(Items from a data source)
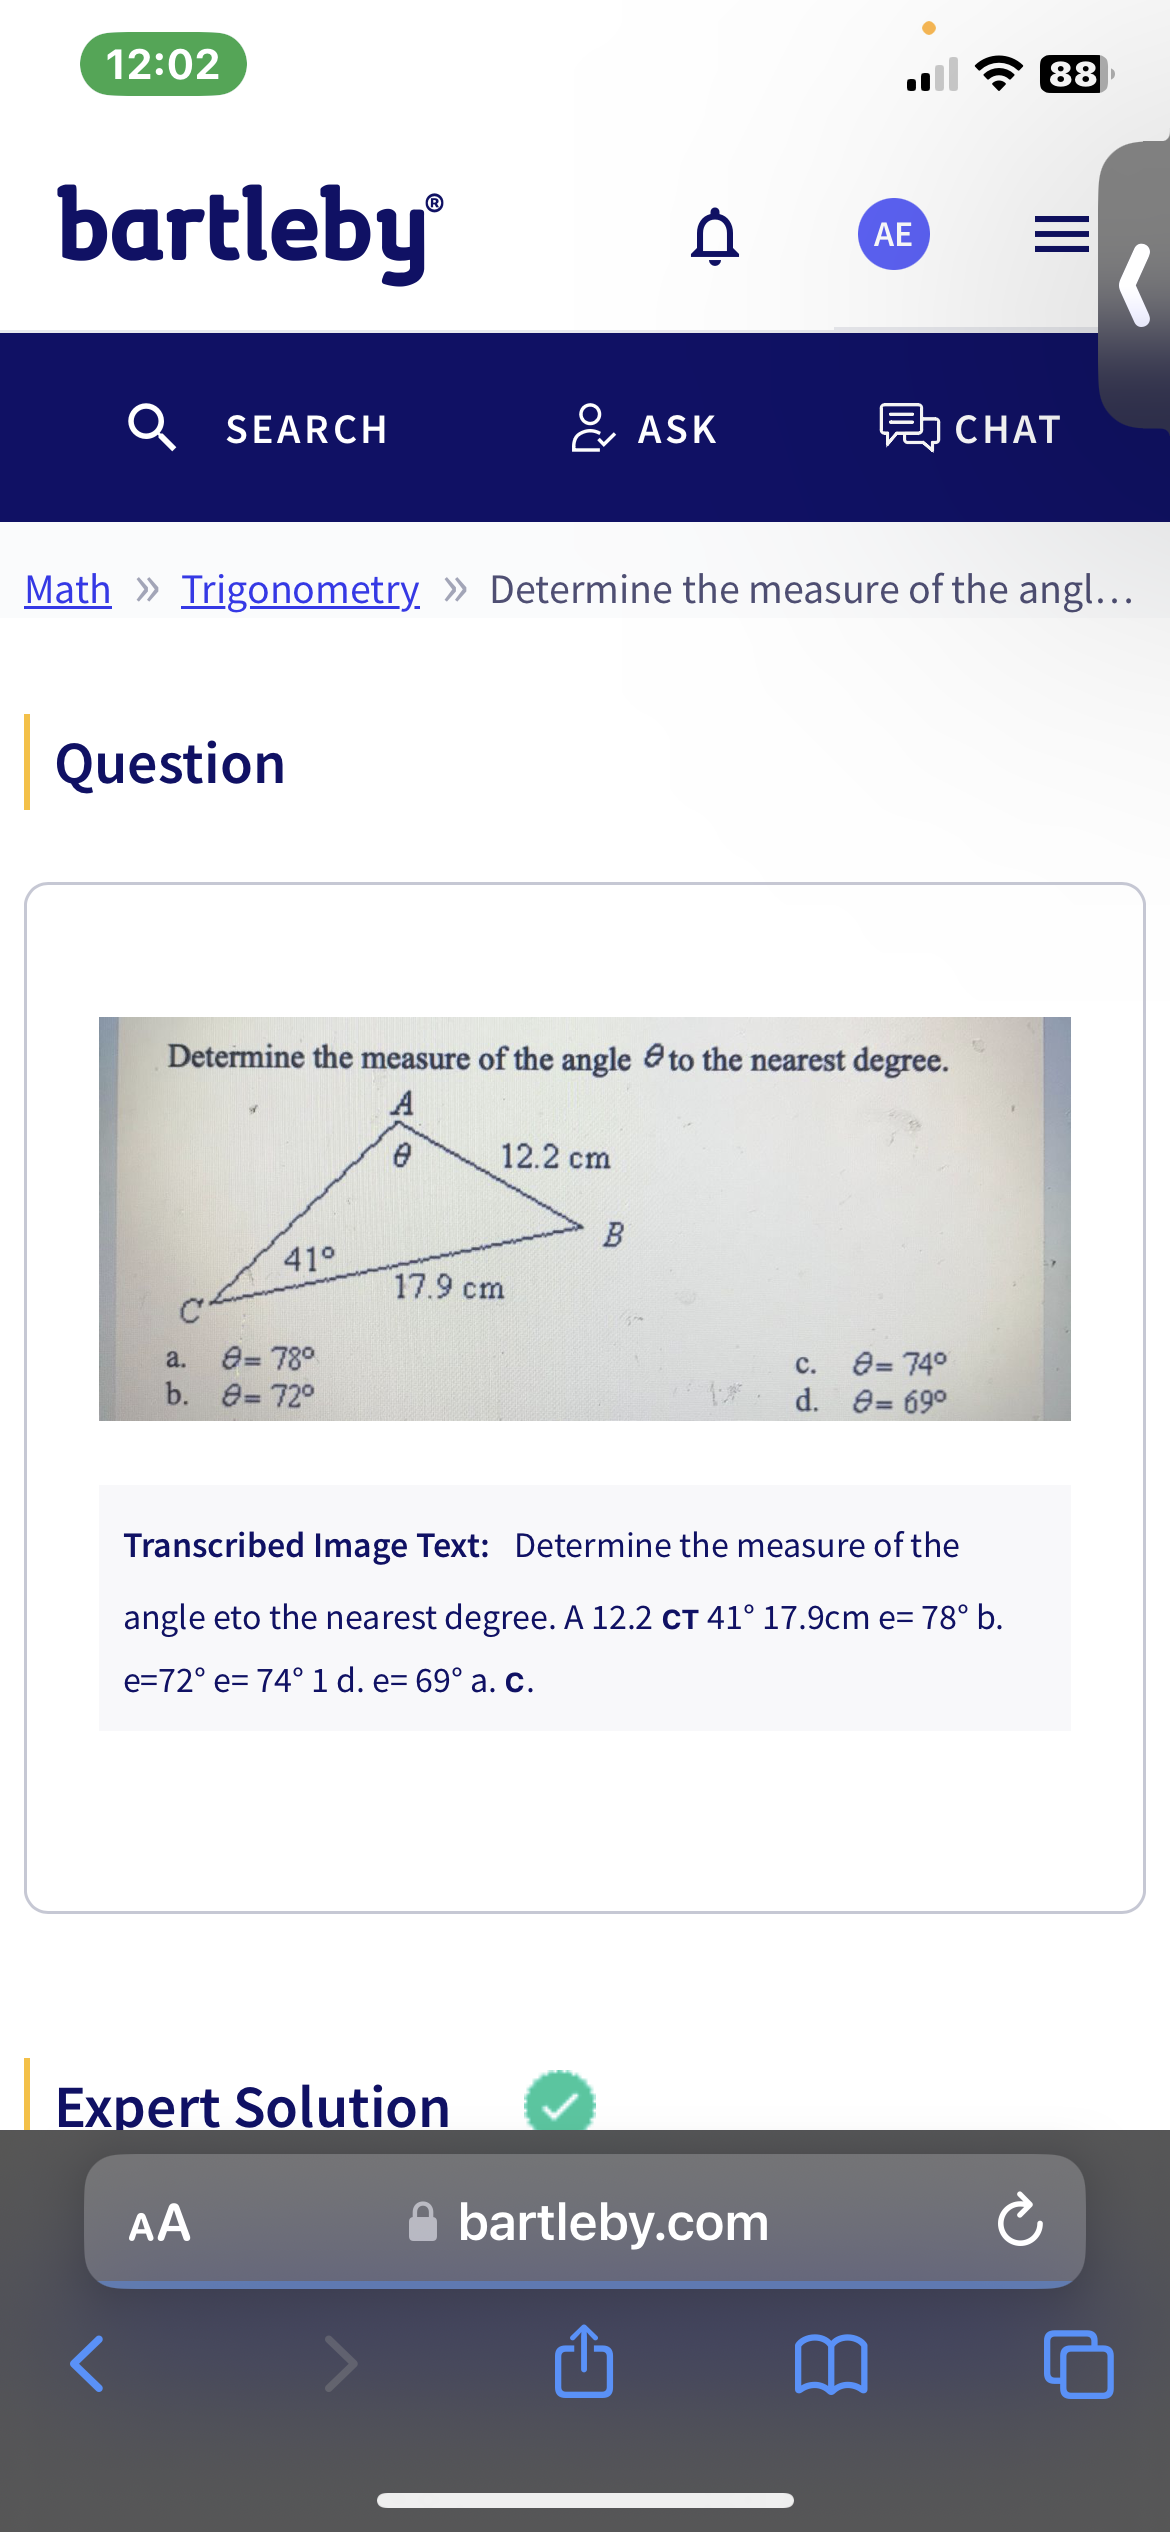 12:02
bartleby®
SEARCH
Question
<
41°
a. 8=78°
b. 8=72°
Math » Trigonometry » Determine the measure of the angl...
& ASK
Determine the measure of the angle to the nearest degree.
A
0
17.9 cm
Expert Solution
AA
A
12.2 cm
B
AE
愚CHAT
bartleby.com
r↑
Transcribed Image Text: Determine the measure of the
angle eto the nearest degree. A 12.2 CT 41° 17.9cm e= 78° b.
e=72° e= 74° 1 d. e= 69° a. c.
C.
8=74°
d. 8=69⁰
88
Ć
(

**Exercise requirements**
Your job is to return all lines above that hold the word "angle".

**Answer section**
Determine the measure of the angle to the nearest degree.
angle eto the nearest degree. A 12.2 CT 41° 17.9cm e= 78° b.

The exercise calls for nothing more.